### DATA TO PROCESS:
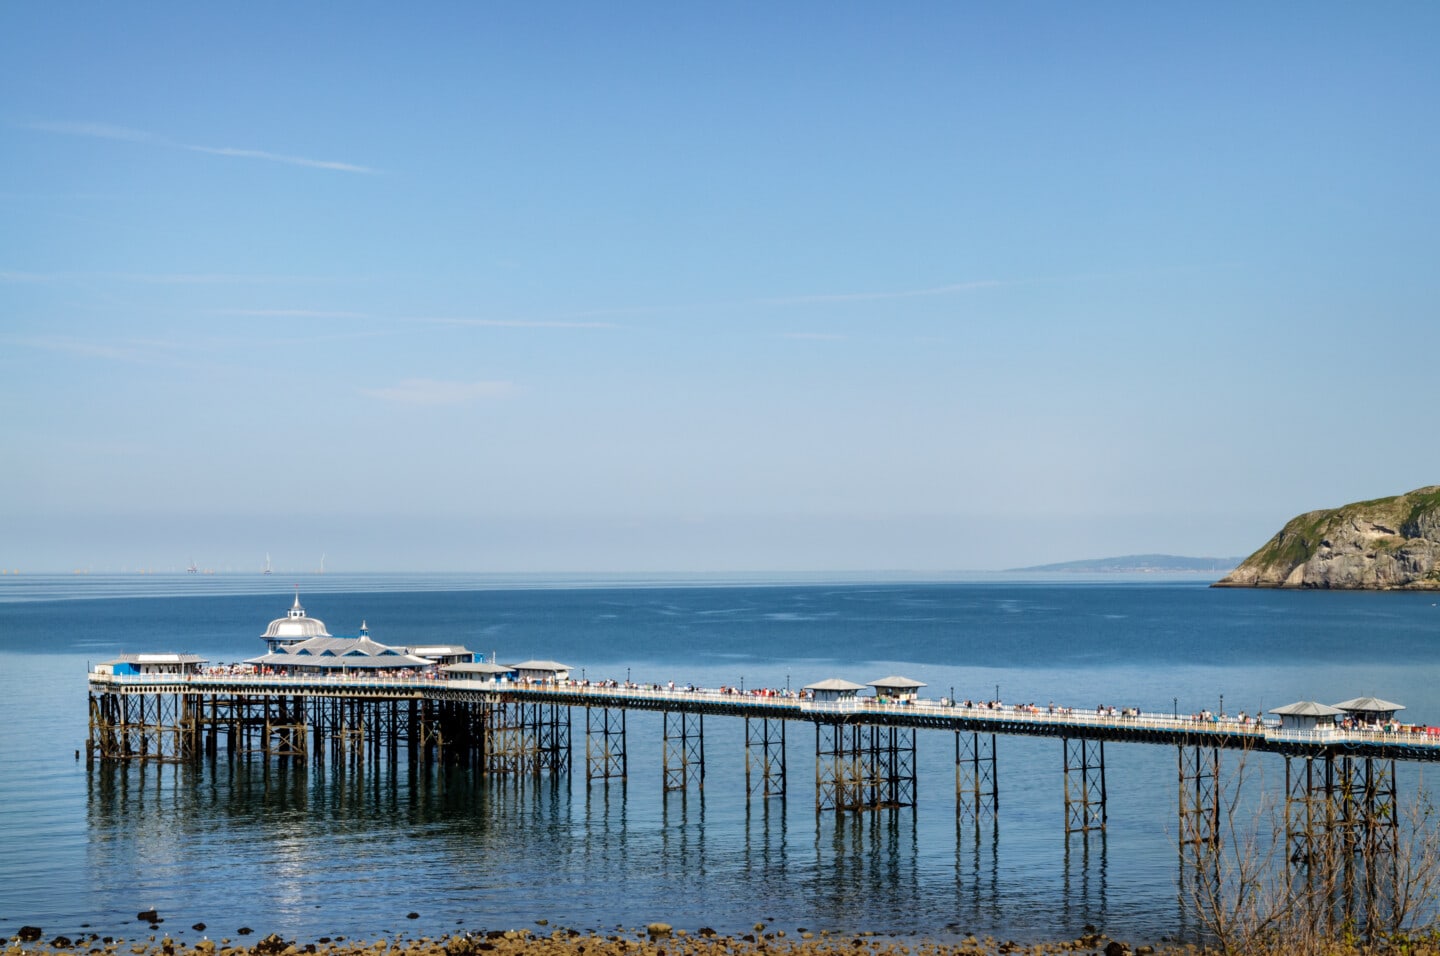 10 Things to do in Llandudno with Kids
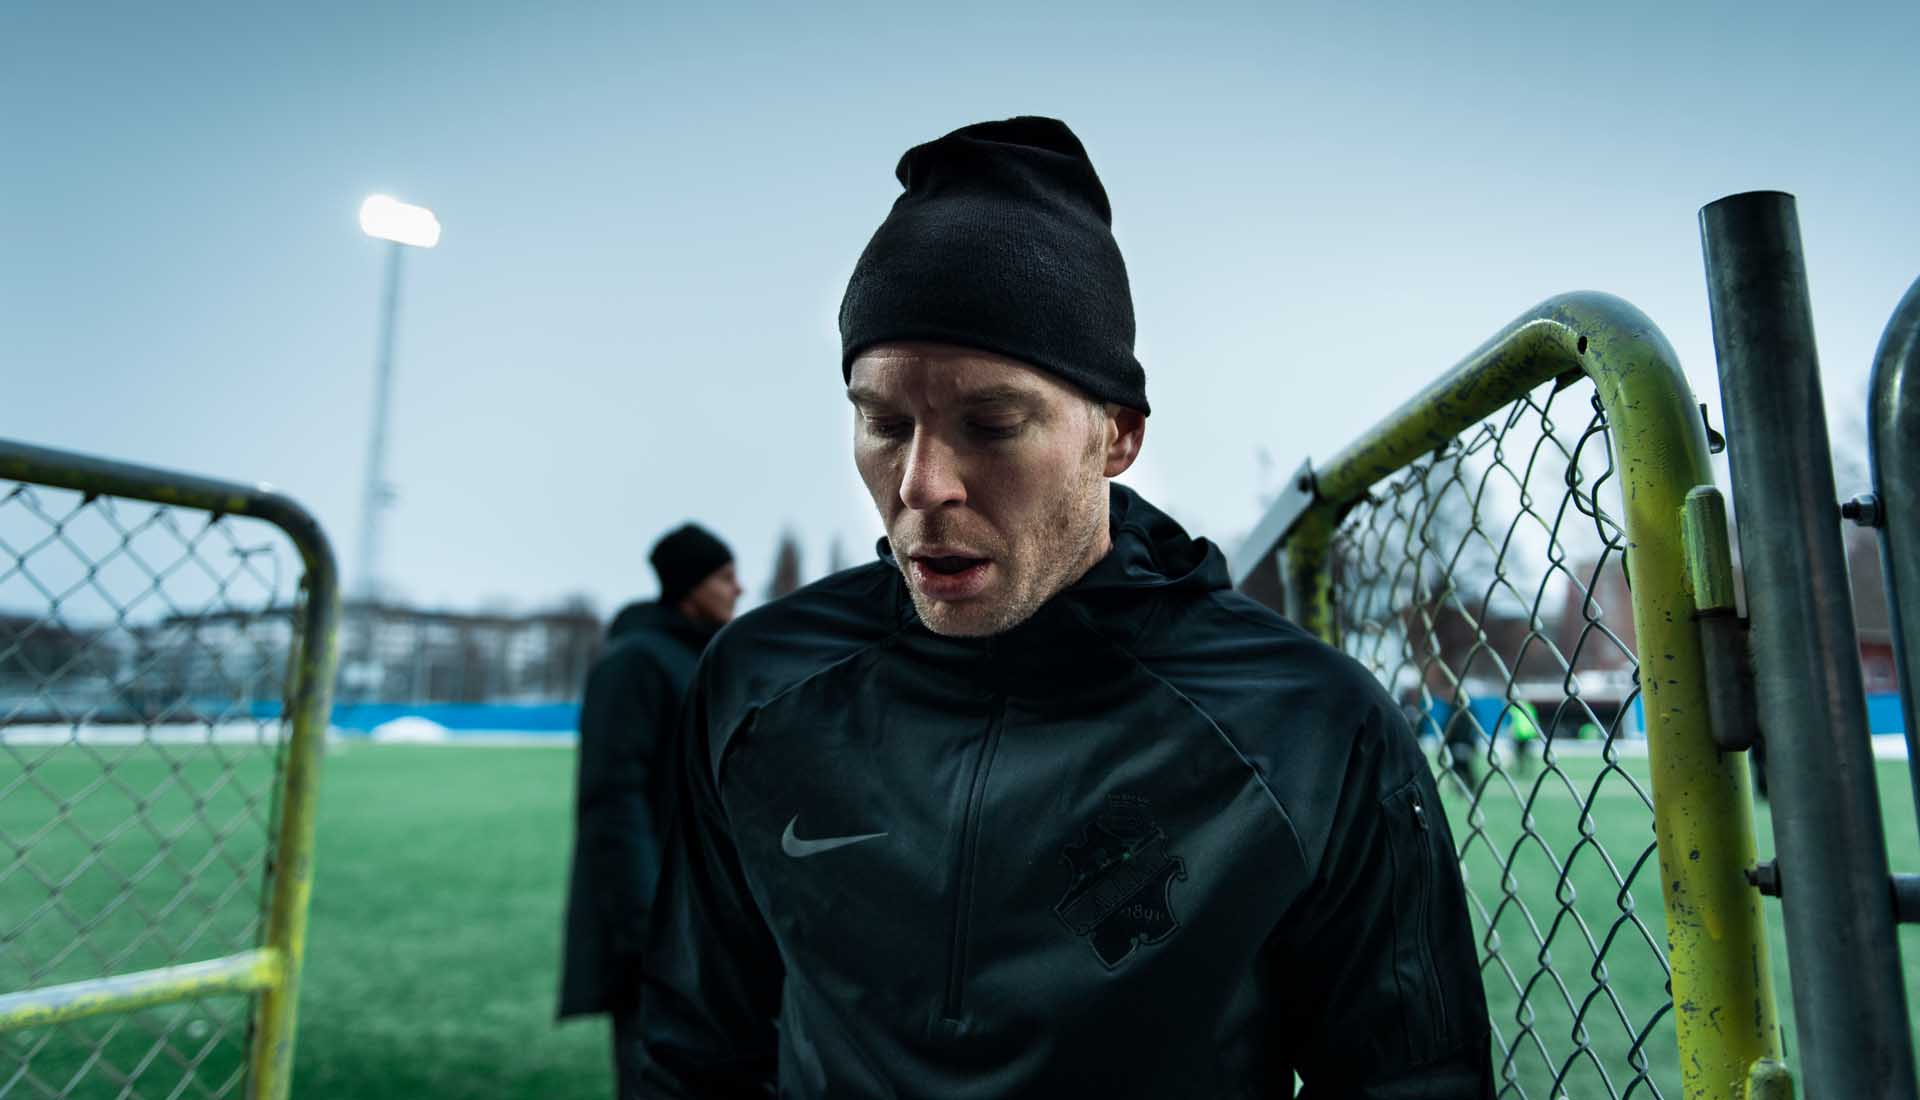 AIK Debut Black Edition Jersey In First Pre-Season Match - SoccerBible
---
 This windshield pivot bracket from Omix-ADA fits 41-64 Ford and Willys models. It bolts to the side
--
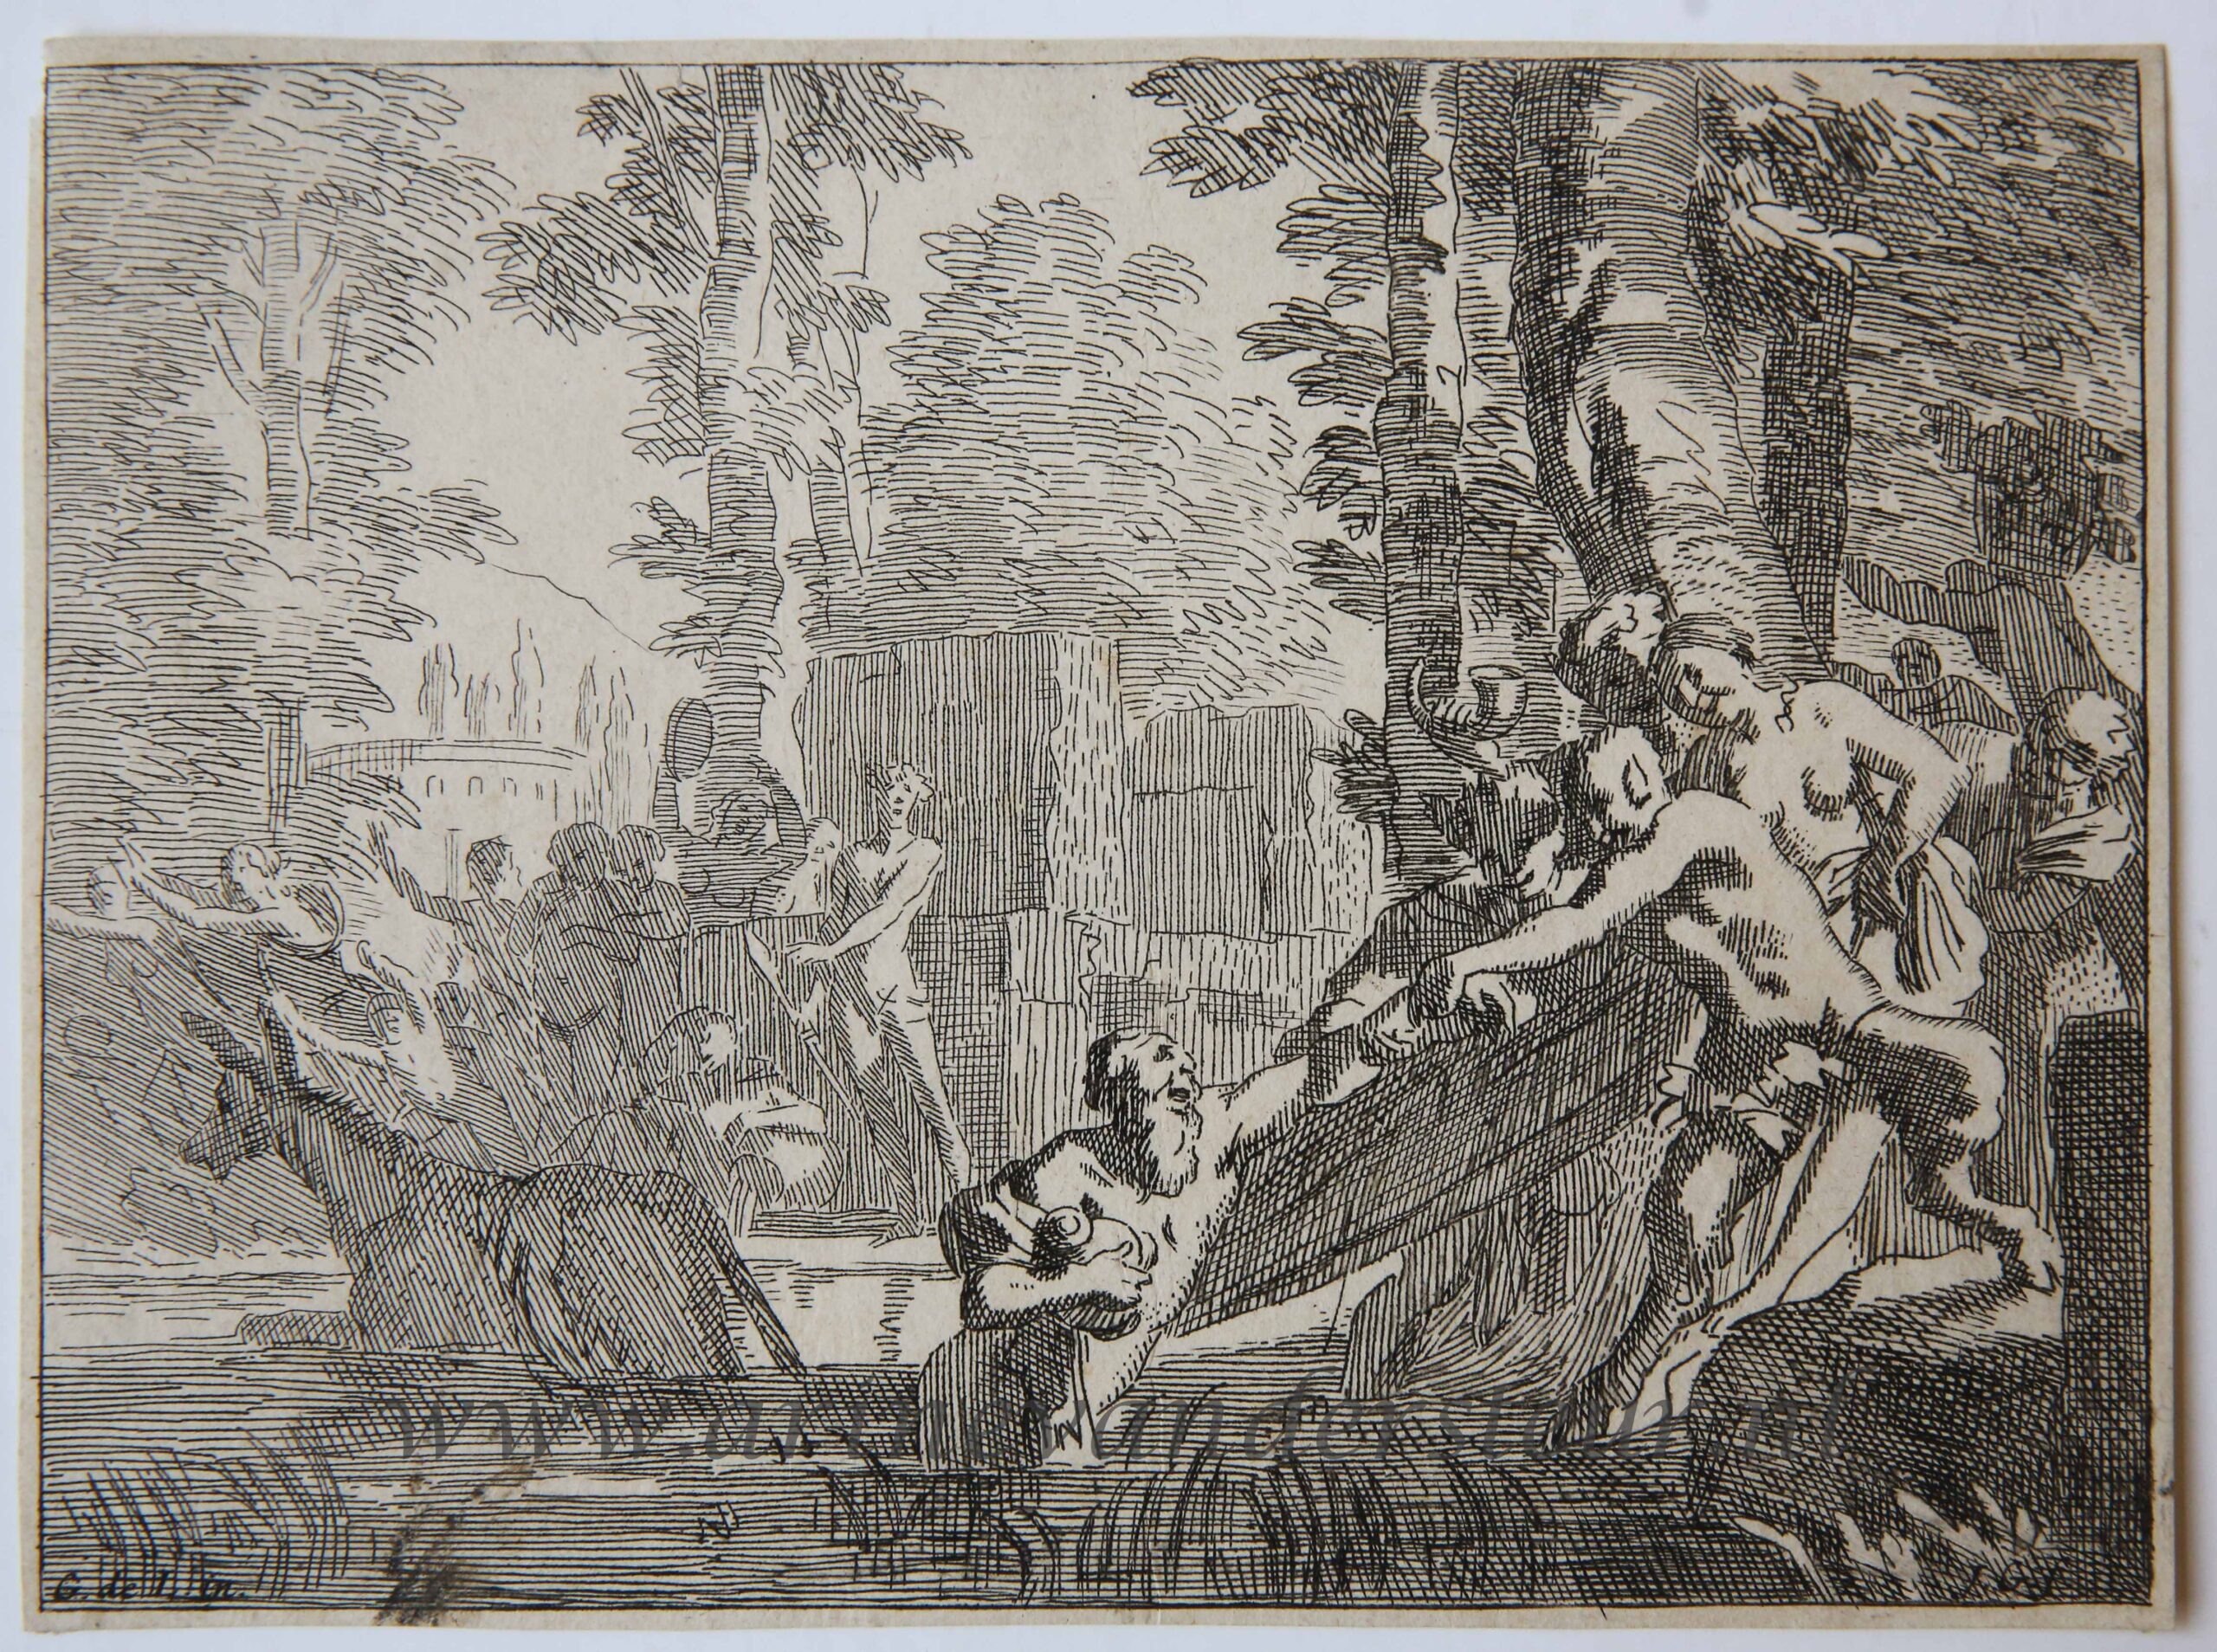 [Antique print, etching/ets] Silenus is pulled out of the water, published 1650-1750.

### WORK TASK:
Above, find the line holding "10 Things to do in Llandudno with Kids" and the line holding "AIK Debut Black". Print exactly those two lines and every line between them, but no pictures.

### SOLUTION FOR THIS EXERCISE:
 10 Things to do in Llandudno with Kids
 AIK Debut Black Edition Jersey In First Pre-Season Match - SoccerBible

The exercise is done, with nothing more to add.